1. Limited Treatment Options – Pharmaceutical companies often overlook rare diseases due to the small market size, leading to a lack of targeted therapies. While orphan drug incentives have increased investment, many pediatric conditions remain without approved treatments (U.S. Food & Drug Administration, 2020).

2. Burden on Families – Caring for a child with a rare disease often involves navigating a complex medical system, coordinating with multiple specialists, and shouldering significant financial and emotional burdens. Families must advocate for their child's care, education, and accessibility needs (Pelentsov et al., 2016).

3. Accelerating Research and Innovation

Patient advocacy groups often collaborate with researchers and pharmaceutical companies to advance clinical trials. Patient registries—databases of individuals diagnosed with a specific rare disease—help scientists collect vital information that can guide treatment development. Organizations like the National Organization for Rare Disorders (NORD) and Global Genes have been instrumental in funding research and promoting collaboration between stakeholders (Global Genes, 2022).

4. Empowering Families and Patients

Parents of children with rare diseases often become their strongest advocates. Support networks and advocacy groups provide families with resources, connect them with specialists, and assist in securing financial aid. Peer-to-peer support systems help families navigate the emotional and practical challenges of raising a child with a rare disease (Pelentsov et al., 2016).

Case Study: Success in Pediatric Rare Disease Advocacy

A prime example of successful advocacy is the passage of the Orphan Drug Act (ODA) in 1983, which incentivized drug development for rare diseases. This law led to significant advancements, including the approval of more than 600 orphan drugs, many benefiting pediatric patients (U.S. Food & Drug Administration, 2020).
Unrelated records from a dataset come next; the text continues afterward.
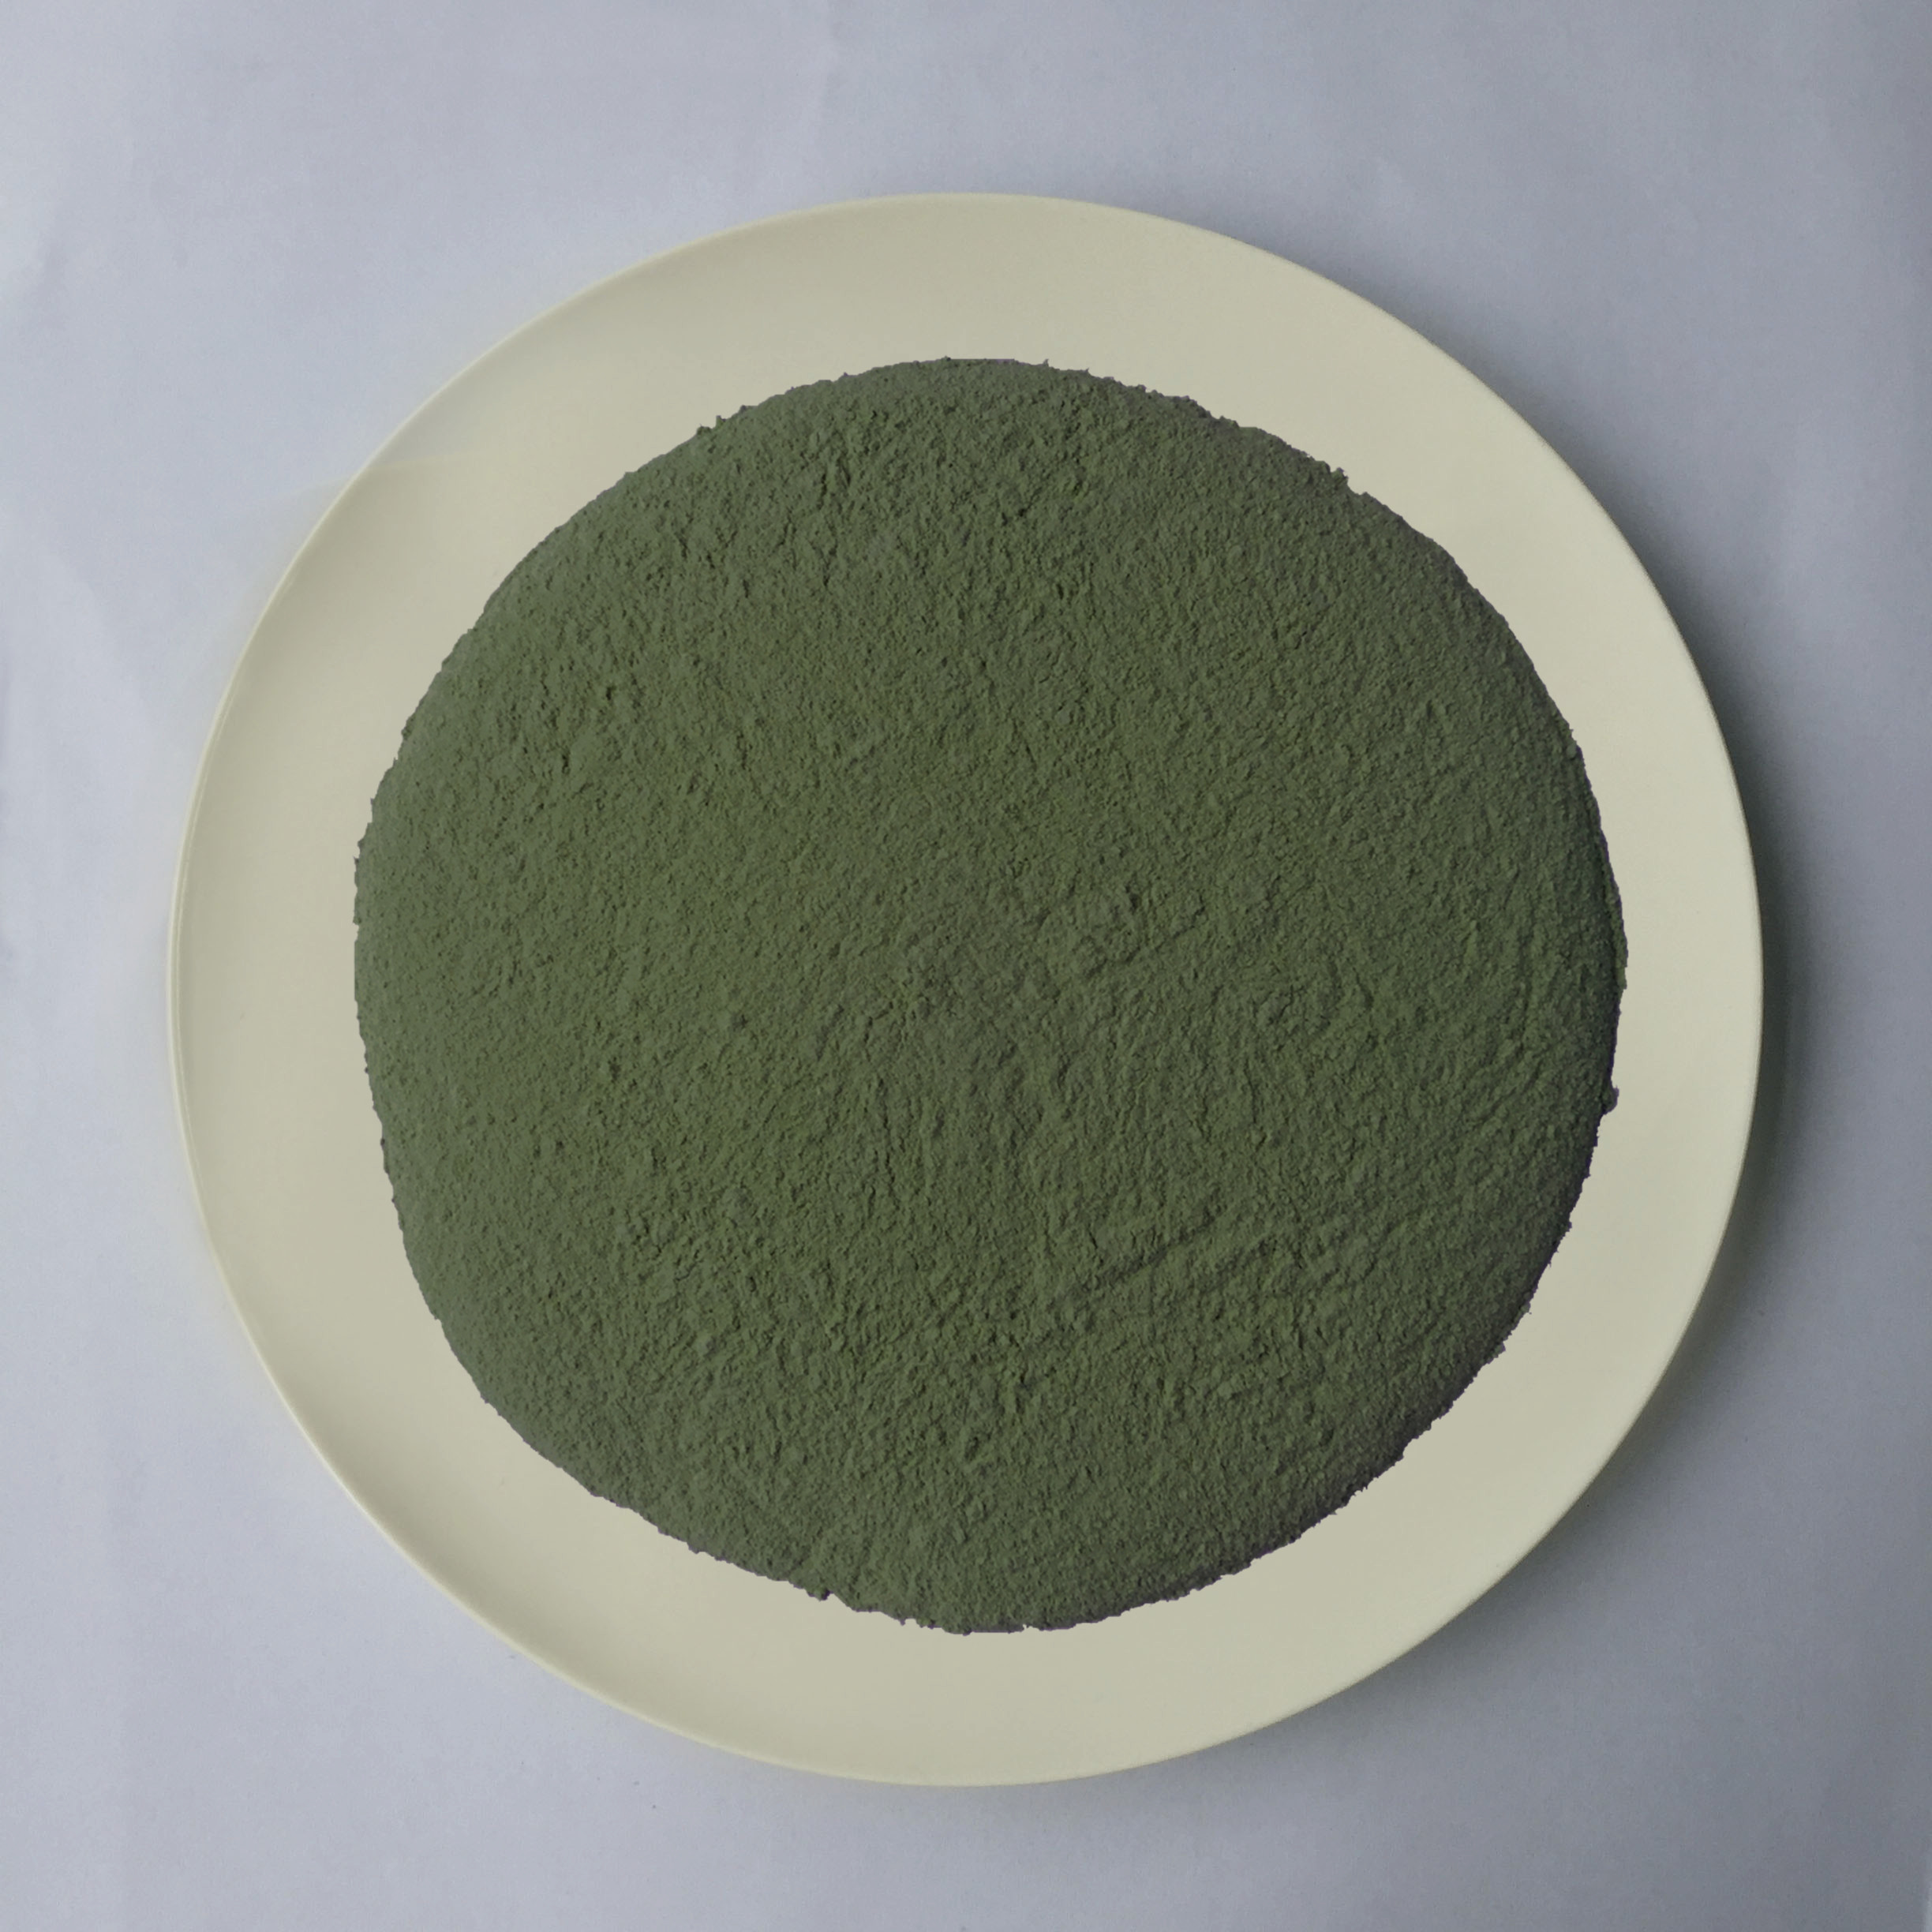 Nguyên liệu nhựa màu xanh lục đậm Chất lượng khuôn mẫu Melamine Chất lượng ổn định
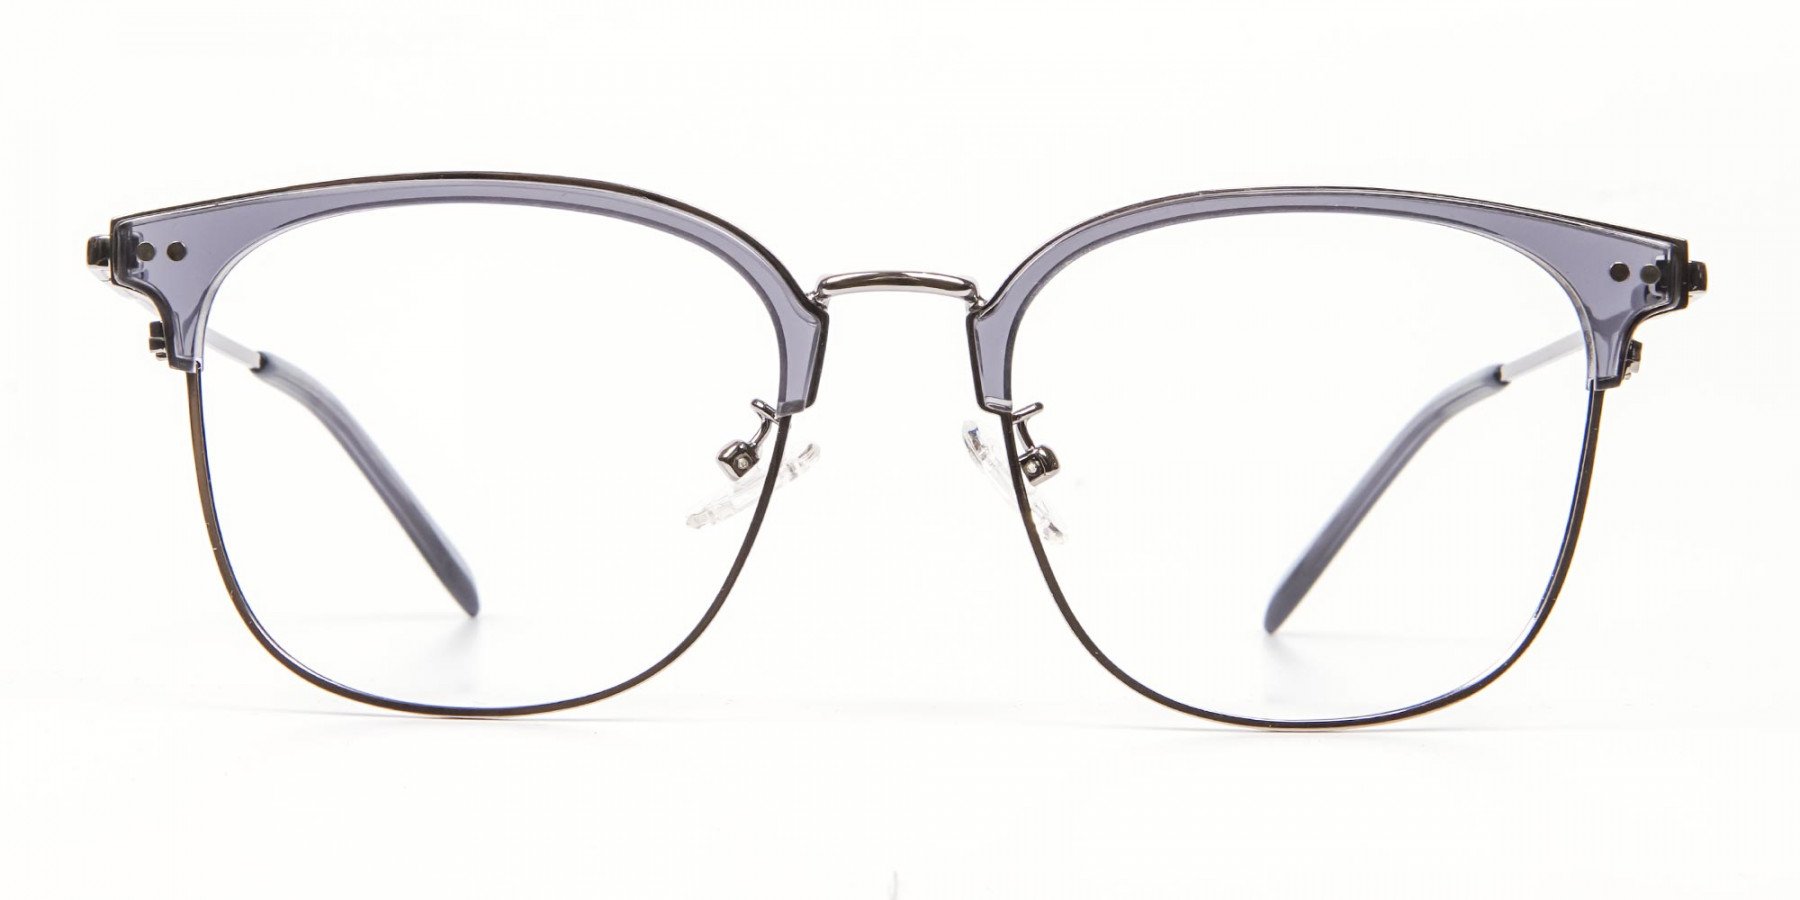 Square Framed Glasses - 1
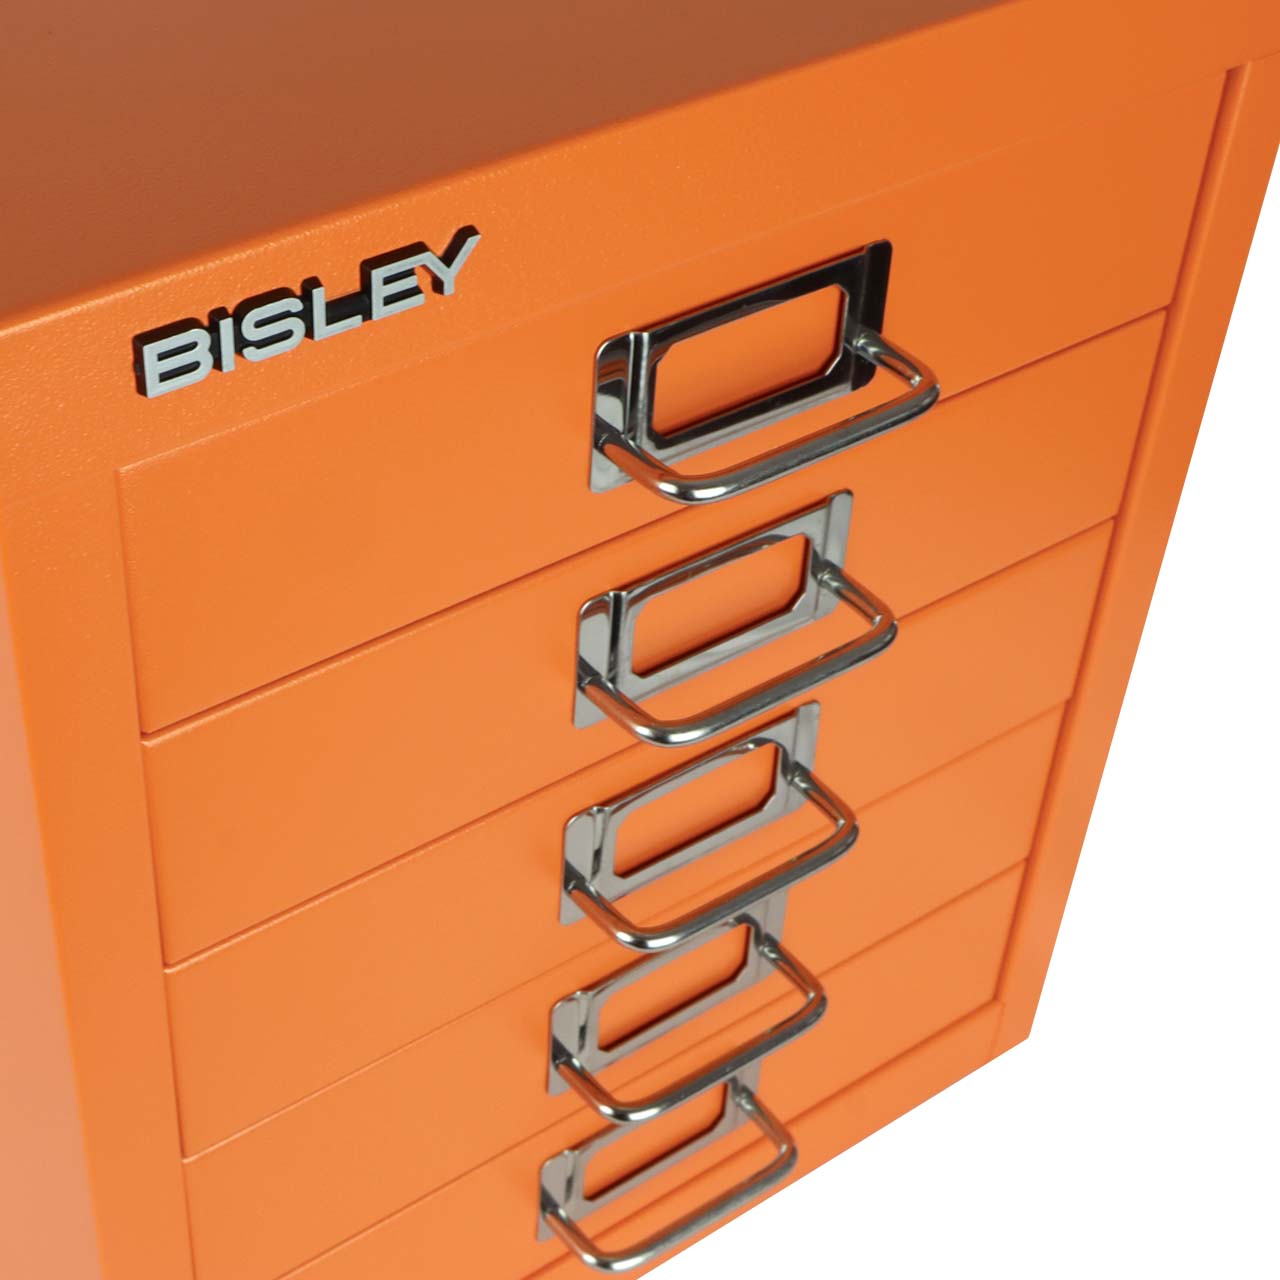 Bisley 5-Drawer Desktop MultiDrawer Steel Cabinet

Another success story is spinal muscular atrophy (SMA) advocacy. Patient groups successfully lobbied for newborn screening programs and expedited drug approvals. Today, SMA patients have access to gene therapies that can significantly improve their quality of life (Cure SMA, 2021).

The Future of Pediatric Rare Disease Advocacy

The landscape of rare disease advocacy is evolving, with several promising developments:

Gene and Cell Therapies – Advancements in gene editing technologies, such as CRISPR, offer hope for treating previously untreatable rare diseases (National Institutes of Health, 2023).

Artificial Intelligence (AI) in Diagnosis – AIdriven tools are helping shorten the diagnostic odyssey by identifying rare diseases earlier through medical imaging and genetic analysis (Shah et al., 2022).

Global Collaboration – International partnerships between advocacy groups, research institutions, and policymakers are expanding access to treatments and improving patient outcomes (EURORDIS, 2023).

Pediatric rare disease advocacy is a vital force in ensuring that children with rare conditions receive timely diagnosis, effective treatment, and comprehensive support. By raising awareness, driving policy changes, fostering research, and empowering families, advocacy can transform the future for these vulnerable patients. Continued collaboration among patient organizations, researchers, healthcare providers, and policymakers is essential to create a world where no child is left behind due to a rare disease.

Every voice in advocacy matters—whether you are a parent, healthcare professional, researcher, or policymaker, your efforts can contribute to a brighter future for children with rare diseases. Now is the time to act, advocate, and advance progress in pediatric rare disease care.